Botanical Name: Myristica fragrans (HONK.)
Family: N.O. Myristicaceae

Synonyms: Arillus Myristicae. Myristica officinalis. Myristica moschata. Macis. Muscadier.
Part Used: The dried arillus of the fruit or nutmeg.
Habitat: Moluccas and Bandy Islands, New Guinea, West Indies, etc.



History: The name is derived from a mediaeval word for 'nut,' meaning 'suitable for an ointment.' The tree is a small evergreen, not more than 40 feet in height, with smooth, greyish-brown bark, green on the younger branches. The alternate leaves are oblong-ovate, acute, entire, smooth, and dark-green. The flowers are very small and unisexual. The fruits, smooth and yellow, resemble a pear grooved by a longitudinal furrow and contain a single erect seed about 1 1/4 inch long, the nucleus being the wrinkled 'nutmeg,' and the fleshy, irregular covering, scarlet when fresh and drying yellow and brittle, the 'mace.'

The principal harvest at Bencoolen is usually in the autumn, the smaller one in early summer. The fruits, which split open when ripe, are gathered with a long-handled hook and the products are separated. The mace when dried is often sprinkled with salt water to preserve it. If packed too moist it breeds worms.

Most of the supply comes from the Banda Islands by way of Java and Sumatra.

The 'blades,' 'bands,' or flattened, lobed pieces are about 25 mm. long, smooth, irregular, translucent, brittle or flexible, and if scratched or pressed exude an orangecoloured oil.

An inferior Mace is obtained from the long nutmeg, dark and very brittle and lacking the fragrant odour and aromatic taste of the official variety.

The medicinal properties resemble those of nutmeg, but it is principally used as a condiment.

Constituents: The principal constituent is 7 to 9 per cent of a volatile oil, protein, gum, resins, sugar and fixed oil. The volatile oil contains much pinene, and a little myristicin, which must be distinguished from the glyceride of myristic acid.
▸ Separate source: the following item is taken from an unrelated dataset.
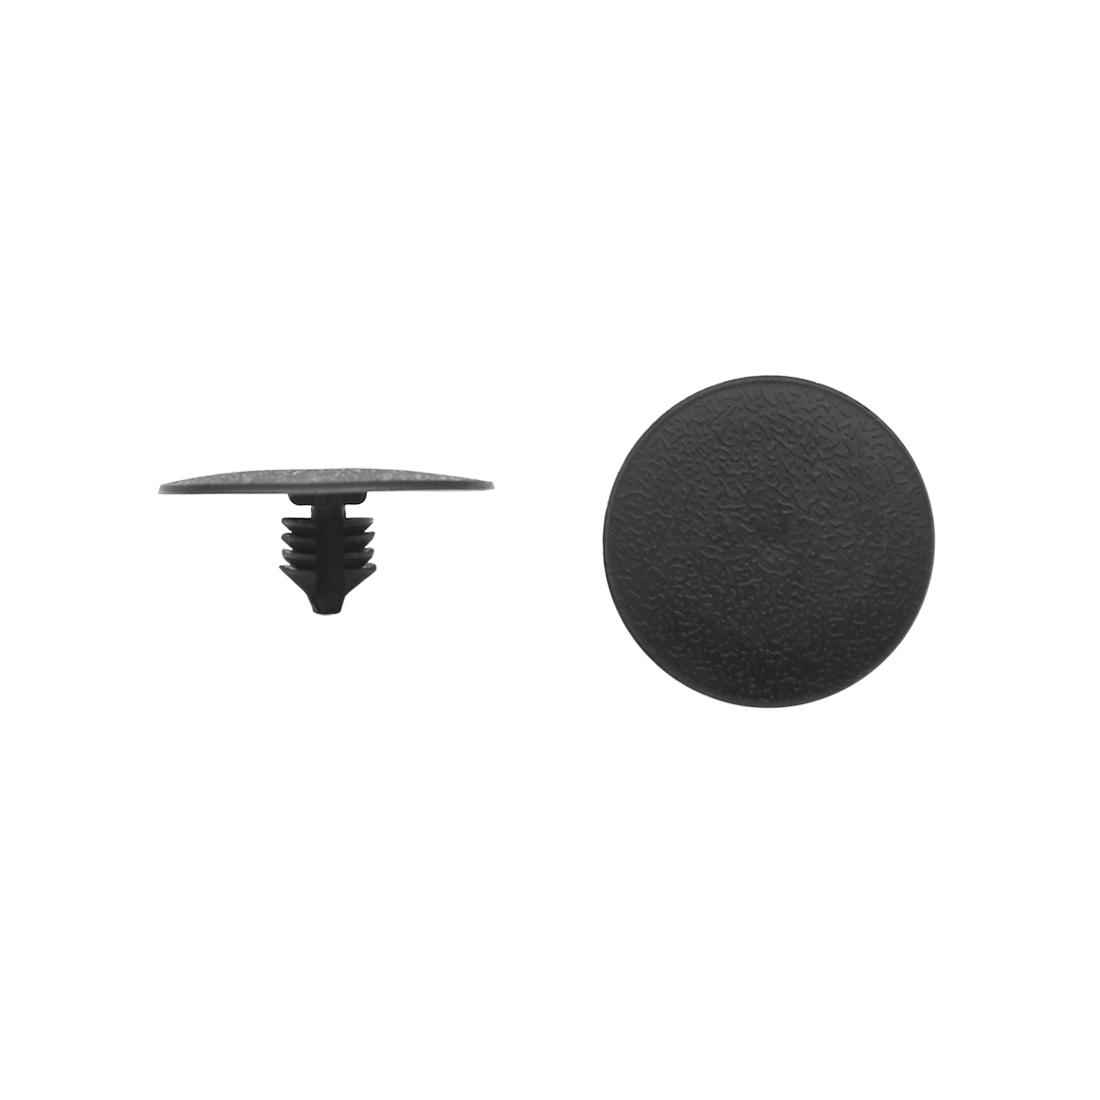 30pcs 8mm Hole Car Plastic Clips Rivet Fit Boot Trim Panel Pin Fender Black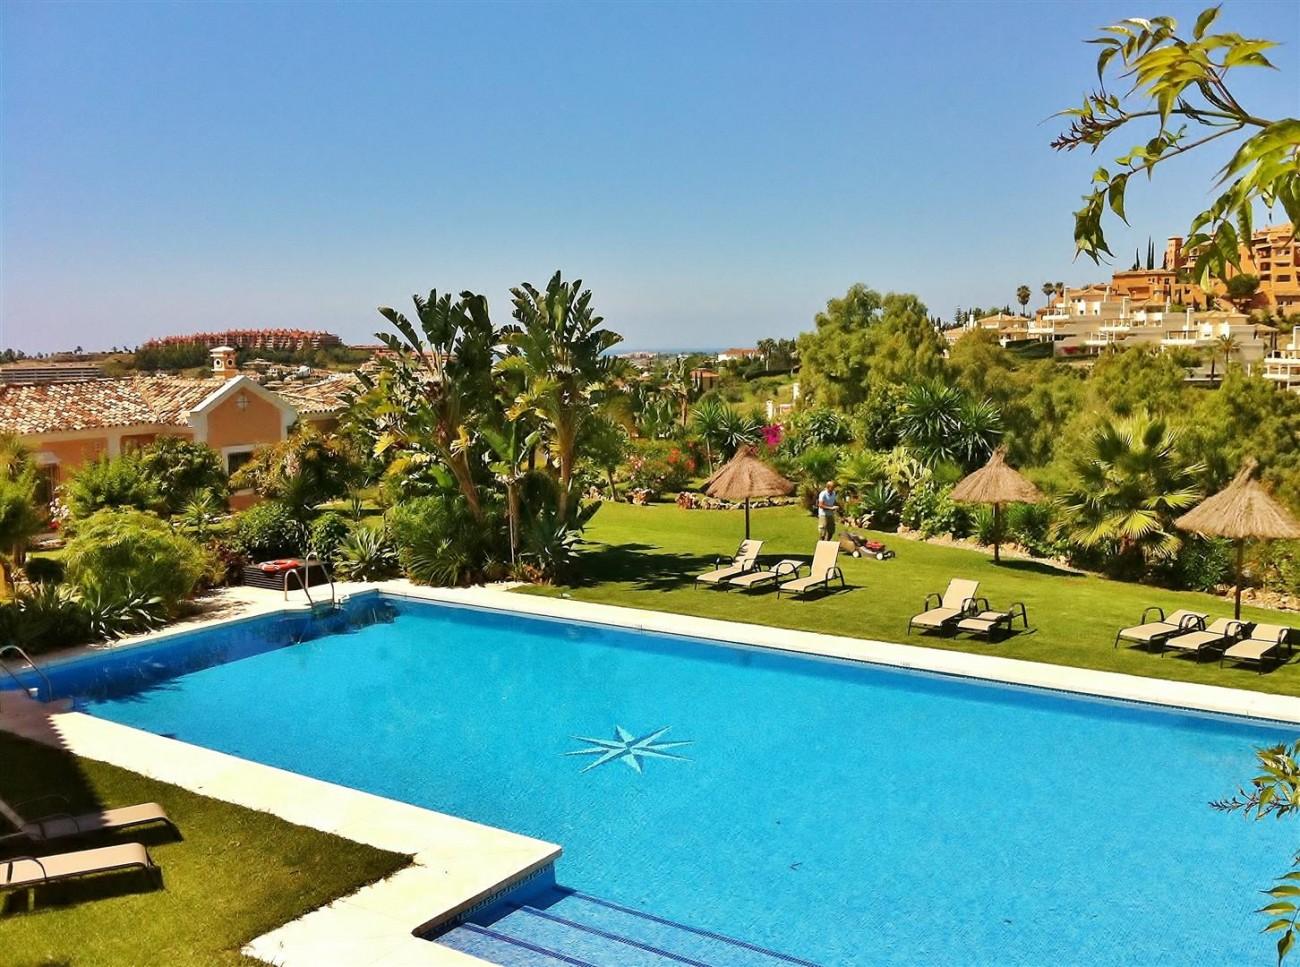 V5019 Villa in Nueva Andalucia Marbella Spain (1)

Two odorous fixed oils have been separated, a yellow one insoluble in boiling alcohol but soluble in ether, and a red one soluble in either.

The powder is brown or buff, orangetinted.

Oil of Mace is practically identical with distilled oil of nutmeg or Nutmeg Butter.

Medicinal Action and Uses: A flavouring agent, stimulant and tonic.

Both Mace and Nutmeg help digestion in stomachic weakness, but if used to excess may cause over-excitement. They increase circulation and animal heat. They have been employed in pestilential and putrid fevers, and with other substances in intermittent fevers, and enter into the composition of many French medicaments.

Dosage: 5 to 20 grains.

Other Species:
Myristica malabarica, yielding Bombay Mace, which is deficient in odour and taste. Several chemical tests provide means of detecting the substitution. It yields a much higher percentage of ether-soluble matter.

M. argentea, yielding Macassar Mace, which is of a dull brown colour with an odour like sassafras. It is too acrid for medicinal use.

M. otoba, yielding a Mace which, incorporated with fat, is used in gout and rheumatism.

See NUTMEG.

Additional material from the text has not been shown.